Note: The definition of byte from the ISO C standard is broader than the above and might accommodate hardware architectures with different sized addressable units than octets.
Character:
A sequence of one or more bytes representing a single graphic symbol or control code.

Note: This term corresponds to the ISO C standard term multi-byte character, where a single-byte character is a special case of a multi-byte character. Unlike the usage in the ISO C standard, character here has no necessary relationship with storage space, and byte is used when storage space is discussed.

See the definition of the portable character set in Section 6.1 (on page 125) for a further explanation of the graphical representations of (abstract) characters, as opposed to character encodings.
Column Position:
A unit of horizontal measure related to characters in a line.

It is assumed that each character in a character set has an intrinsic column width independent of any output device. Each printable character in the portable character set has a column width of one. The standard utilities, when used as described in POSIX.1-2008, assume that all characters have integral column widths. The column width of a character is not necessarily related to the internal representation of the character (numbers of bits or bytes).

The column position of a character in a line is defined as one plus the sum of the column widths of the preceding characters in the line. Column positions are numbered starting from 1.

So your description of a column being equivalent to a byte just doesn't compute with what I believe that term means.

hanson44 · March 24, 2013, 9:49pm

To correct the record, I didn't say "a column is equivalent to a byte". And that's quite an assertion you so boldly made, that the standard definitions of byte and character are "very different" from how I used those terms.
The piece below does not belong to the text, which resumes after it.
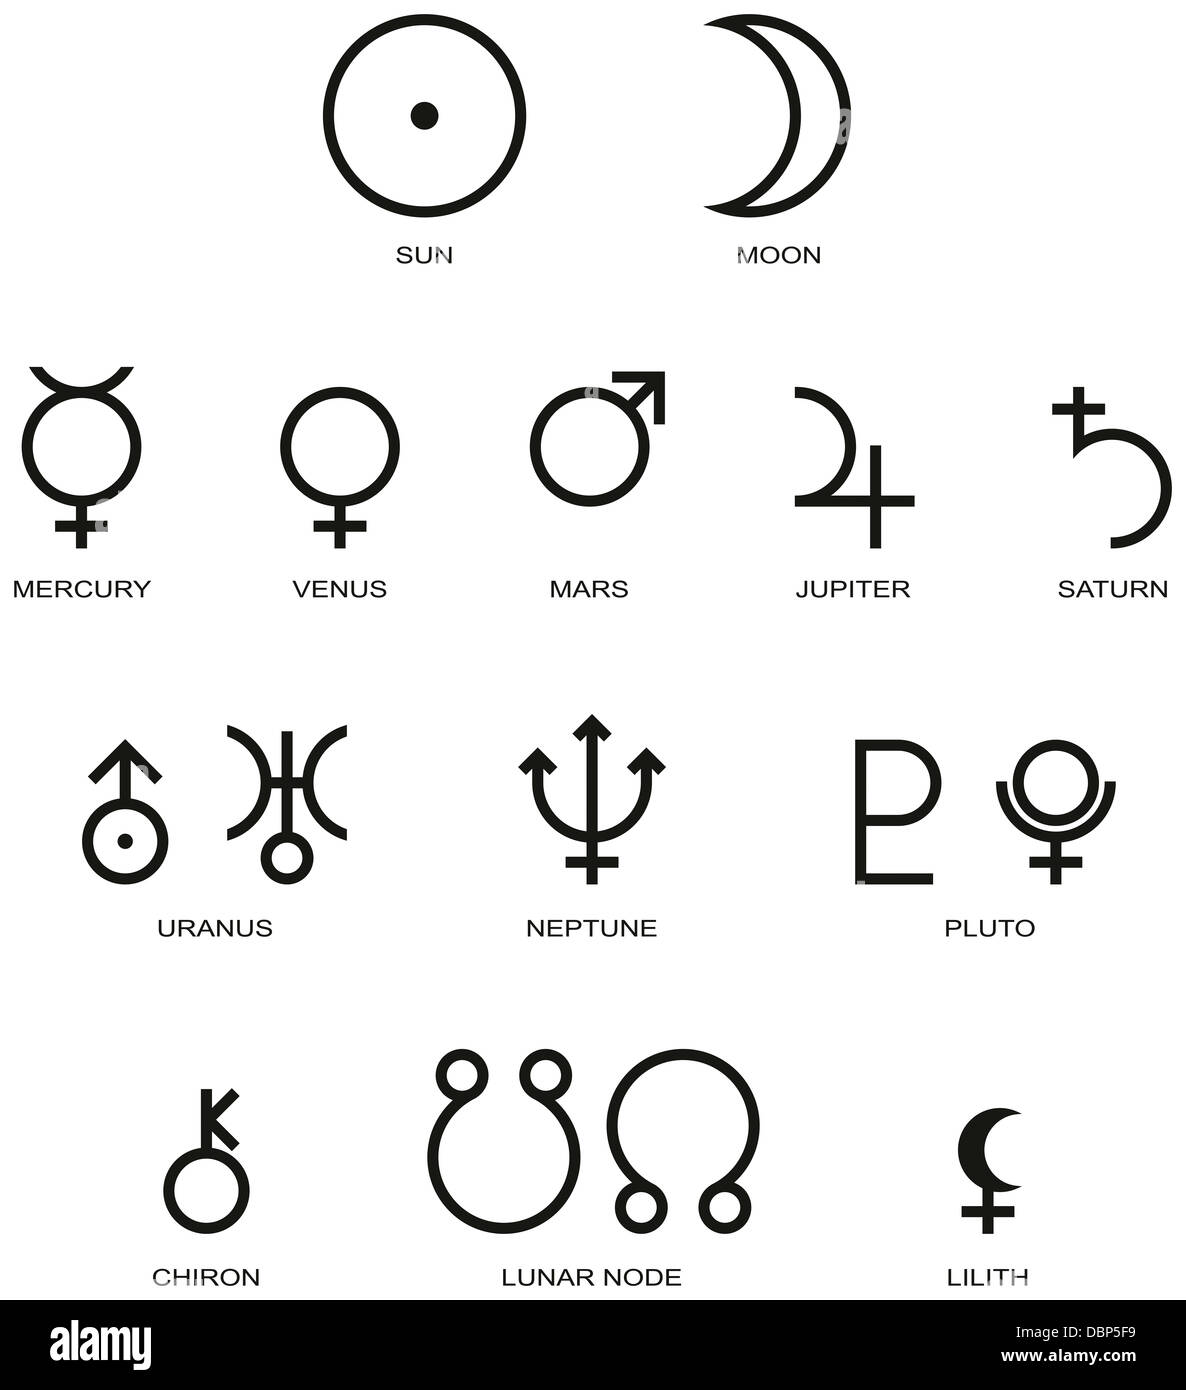 astrology planet symbols meanings

I've been using gettext, i8n, Unicode and UTF-8 for many years, and understand bytes and multi-byte chars very well. For the record, so I'm not deemed some kind of radical, I 100% agree with the standard definitions of byte and character you included.

My original post was about the word "column", in the context of a delimited file. We've gotten far off that topic. I previously agreed with you that I failed to think about locales when discussing why the cut option says "--characters" and not "--columns". I was trying to be nice. Could we move on?

Don_Cragun · March 24, 2013, 10:38pm

I apologize. I misinterpreted your statement:

to mean that you were equating bytes to columns.

Sometimes e-mail/forum discussions lead to confusion that would never occur in a face-to-face discussion where a clarification would happen immediately rather than being exacerbated by the delays between posts in a forum like this.